Color-Changing Materials in Fibers: Opportunities and Challenges

The integration of color-changing materials into fibers represents a significant area of intersection between materials science and textile engineering. This endeavor focuses on incorporating materials with specific color-changing propertiessuch as photochromic, thermochromic, and electrochromic functionalities-into fiber matrices. This combination endows textiles with “sensing-responsive” intelligent characteristics, applicable across diverse scenarios, including apparel, home textiles, medical care, protection, and decoration. The following analysis provides a detailed examination of the specific applications, technical attributes, and typical scenarios associated with colorchanging materials in fibers, beginning with an exploration of the various types of these materials.
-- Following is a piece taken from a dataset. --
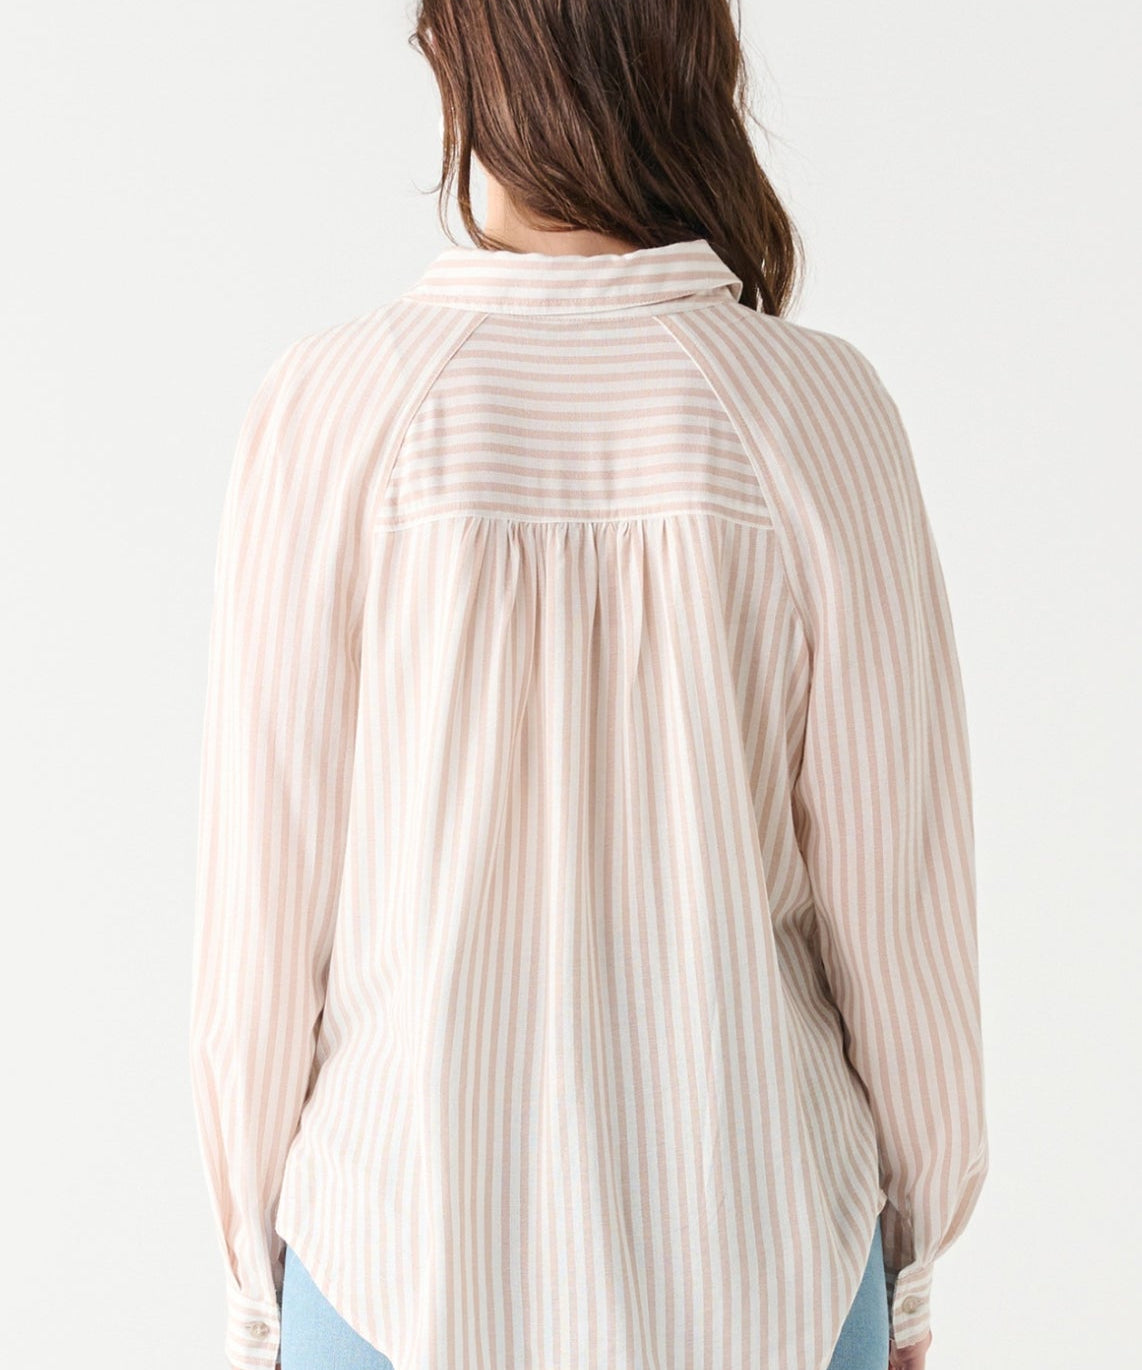 Striped raglan sleeved shirt by Black Tape - Blue Sky Fashions & Lingerie

Color-changing materials exhibit various triggering mechanisms, including light, temperature, electric fields, and humidity, which influence their applications and functional roles in fibers. Presently, the primary categories of color-changing materials that have reached a more advanced stage of commercialization and research are photochromic, thermochromic, electrochromic, and emerging structural color-changing materials [1]. The following four categories are currently the most developed in terms of commercialization and research.

“Change with light” refers to the primary visual interaction and sun protection provided by photochromic materials, which undergo reversible structural changes when exposed to specific wavelengths of light. Compounds such as spirogyra, spiroxamine, and azobenzene exhibit these transformations under ultraviolet and visible light, resulting in color changes, such as from colorless to purple or from yellow to blue. Upon removal of the light source, these materials revert to their original state [2,3]. In the case of spirogyras, the ring-opening reaction occurs through the cleavage of the spiro carbon-oxygen bond, yielding π-conjugated perthiocyanogen isomers that facilitate the observed color change [4].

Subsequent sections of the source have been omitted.